От удара вагон поднялся на дыбы, начал клониться набок, и Сережу наконец швырнуло к заветной двери. Он схватился за ручку… и в этот миг ночь превратилась в день. Грохот и вспышка ударили по вагонам одновременно, выбивая стекла, корежа металл, разрывая и давя живую плоть, заливая жидким огнем. Верх и низ перестали существовать, время кончилось. Сережа открыл дверь.

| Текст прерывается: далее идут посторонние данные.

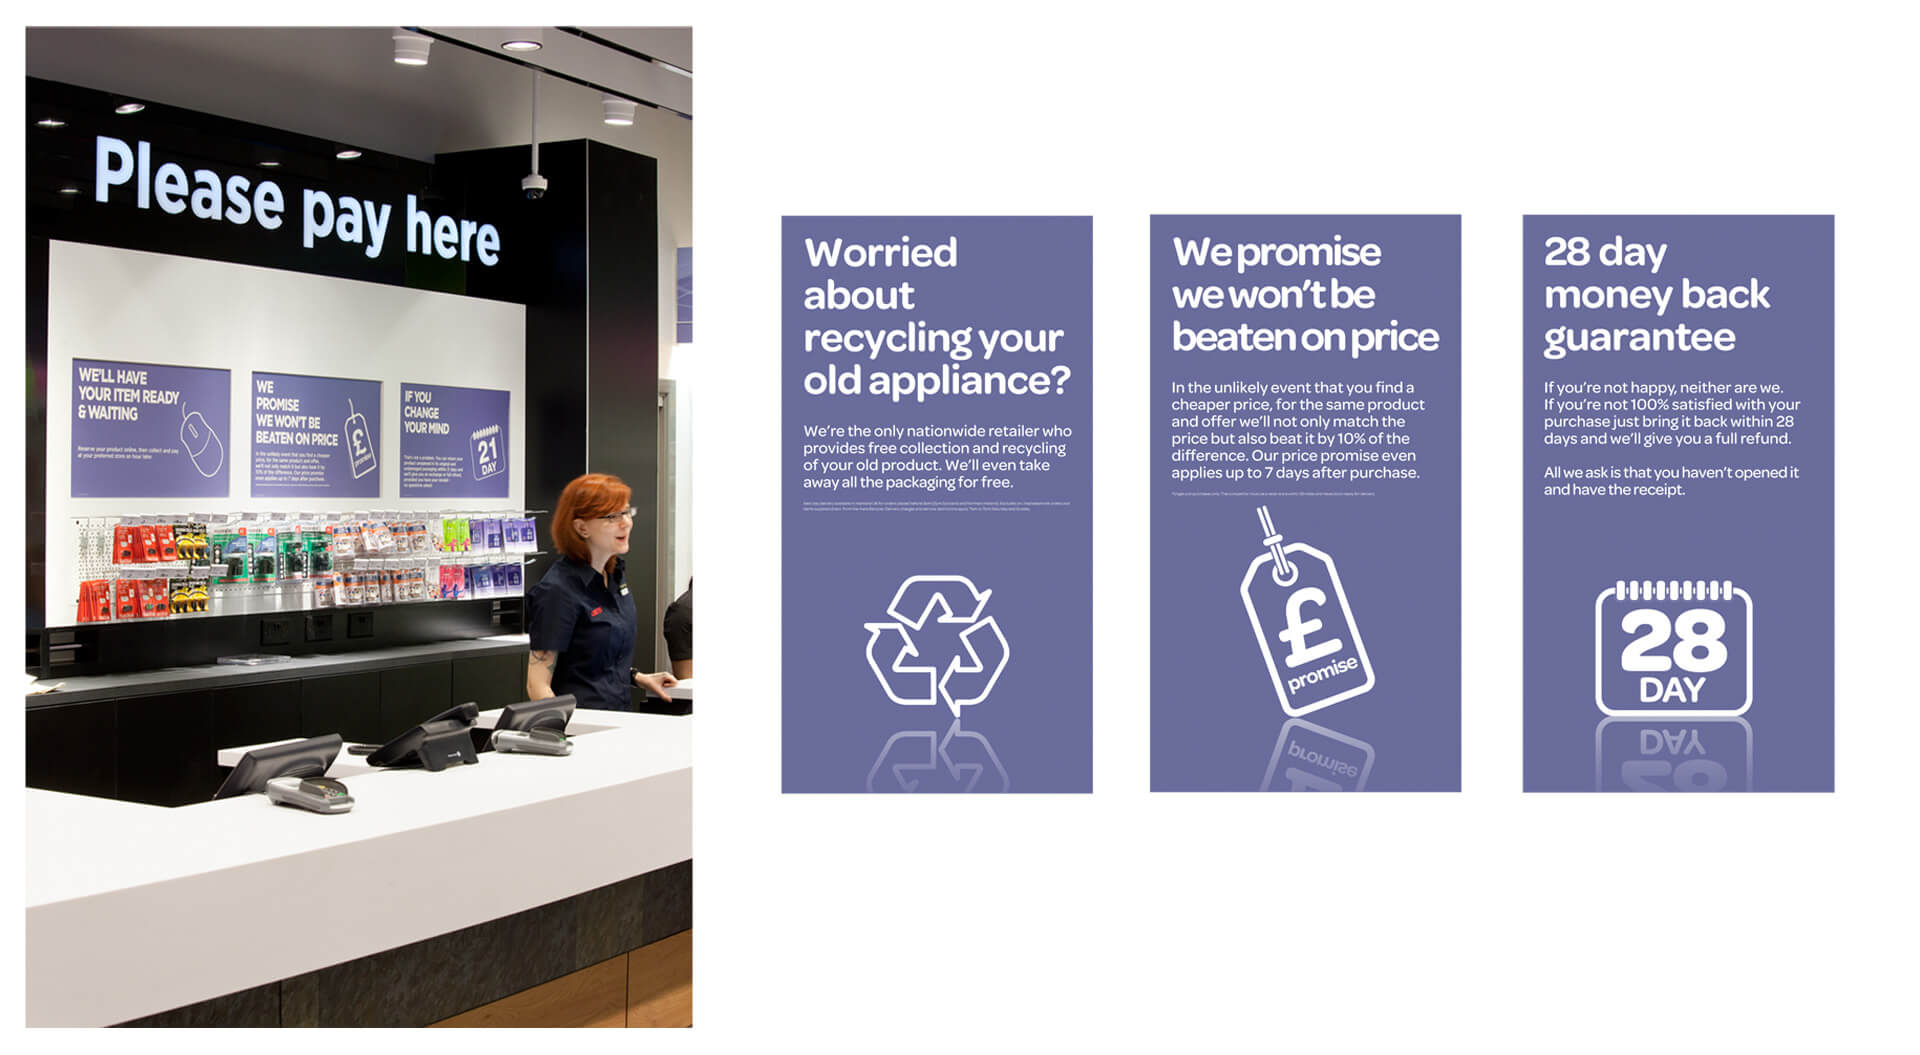 Currys PC World point of sale communications at cash desk

Влажная галька холодила кожу, успокаивала боль от ссадин и ушибов. Другую боль унять не могла. Мысли вернулись в голову, и с ними пришел ужас случившегося. Как поезда могли столкнуться, Сережа не понимал, зато прекрасно сознавал, чем это закончилось. Он это видел! Спасся, только потому что сбежал на Секретный Берег. Но для других этого выхода не существовало. Они остались в пылающих летящих под откос вагонах. Сонные, растерянные, не понимающие, что происходит. И мама осталась…
Сережа не знал, сколько просидел так. Впервые он боялся открыть дверь. Серый океан с равнодушным шорохом накатывал волны на берег. И чайки равнодушно перекрикивались в сером небе. И монументом равнодушию стоял маяк с навечно погашенным прожектором. Секретному Берегу нет дела до трагедии, случившейся в большом мире. Если остаться здесь навсегда…

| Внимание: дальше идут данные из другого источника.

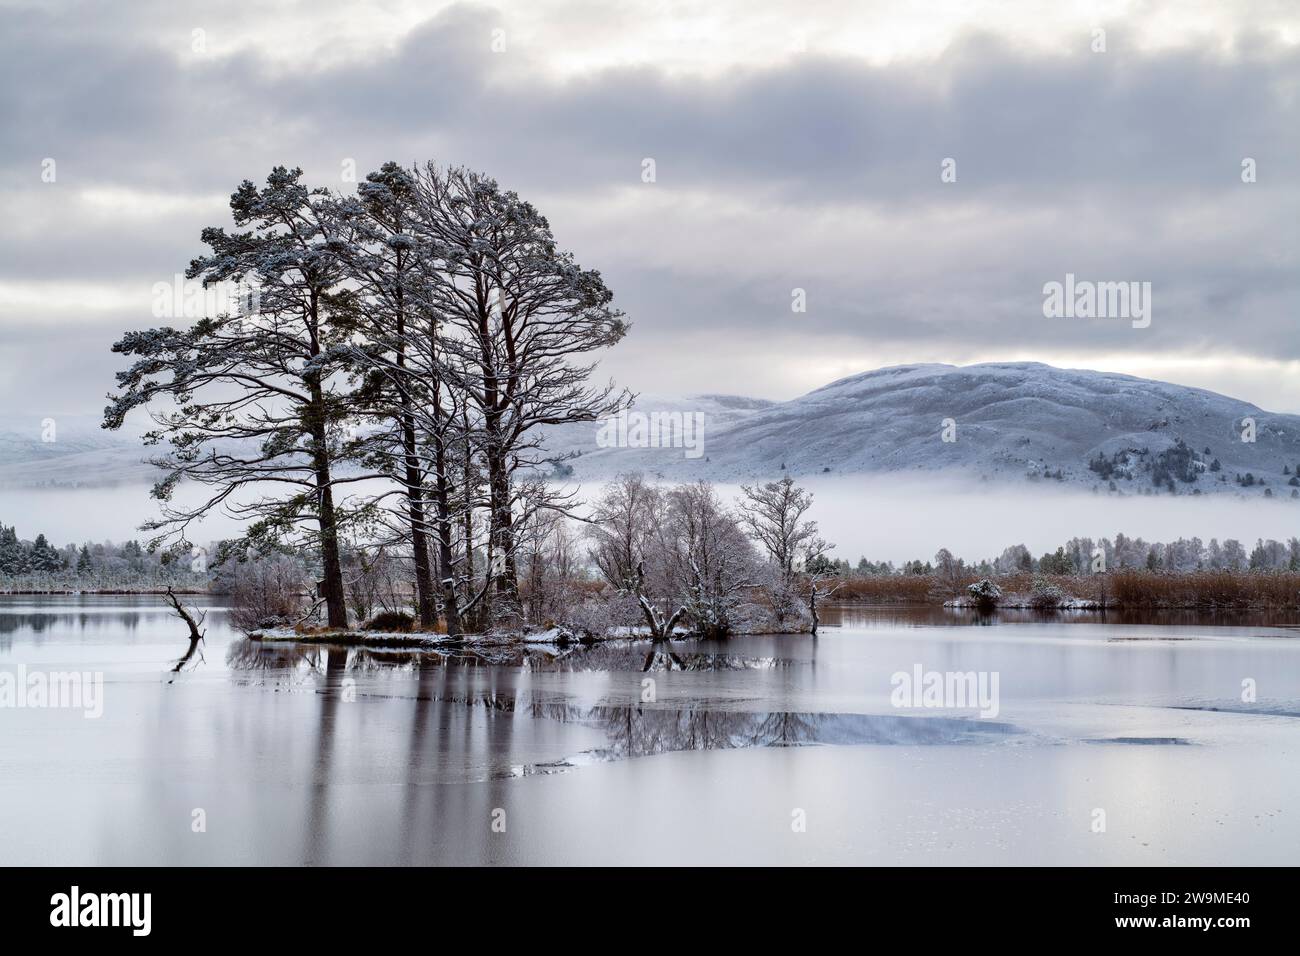 Loch Mallachie island in the snow, mist and ice, Highlands, Scotland Stock Photo

Сережа отбросил глупую, никчемную мысль. Нельзя ожидать самого худшего, пока ты не знаешь наверняка. Пока есть надежда.
Вернуться в свою пустую квартиру решимости не хватило, он открыл другую дверь. В большом мире была ночь, за окном тускло светил фонарь на противоположной стороне улицы. В его отблесках угадывались письменный стол, темные пятна медвежат на коврике, человек, свернувшийся калачиком под одеялом. Но Эль не спала, из-под одеяла доносились всхлипывания.
Сережа постарался закрыть за собой дверь тихо, но язычок замка все равно щелкнул. Всхлипывания прекратились.
– Кто тут?
Рука потянулась к стоявшей на тумбочке лампе, вспыхнул свет.
– Сергей? – Девочка удивленно уставилась на нежданного гостя. – Как ты сюда попал? Я же дверь квартиры заперла, я проверяла.
– Я через Секретный Берег пришел. Как прошлый раз.
Эль молчала. Наверное, не знала, что сказать? А может, думала о чем-то своем? Глаза у нее были красные, зареванные. Поэтому Сережа спросил первым:
– Ты почему плачешь? Что-то случилось?
Девочка ответила не сразу.
– Ты о крушении слышал? Два дня назад поезда столкнулись, товарный и пассажирский. Папа… – Она запнулась, стараясь удержать подкатывающее к горлу рыдание. Две слезинки все же выкатились из глаз. Вытерла их рукой, продолжила: – Товарняк папа вел. Когда цистерны с бензином взорвались, он бросился людей из вагонов вытаскивать. Обгорел сильно. Он в больнице сейчас, в Москве, мама к нему уехала.
Она снова запнулась. А потом выпалила зло:
– Его судить хотят, когда выздоровеет. Говорят, он виноват. Заснул, не остановил поезд на стрелке. Только неправда это!
Несколько секунд они молчали. Сереже было жаль Элиного папу, но тот хотя бы жив остался. Собравшись с духом, он спросил:
– Что с пассажирами случилось?
Эль дернула плечом.
– Первые два вагона сгорели, там погибших много. В других тоже пострадавшие есть. – Она нахмурилась, разглядывая гостя. Словно только теперь увидела его порванную майку, грязные пятна на шортах, сбитые в кровь колени, ссадины и синяки. – Сережа, а что с тобой случилось?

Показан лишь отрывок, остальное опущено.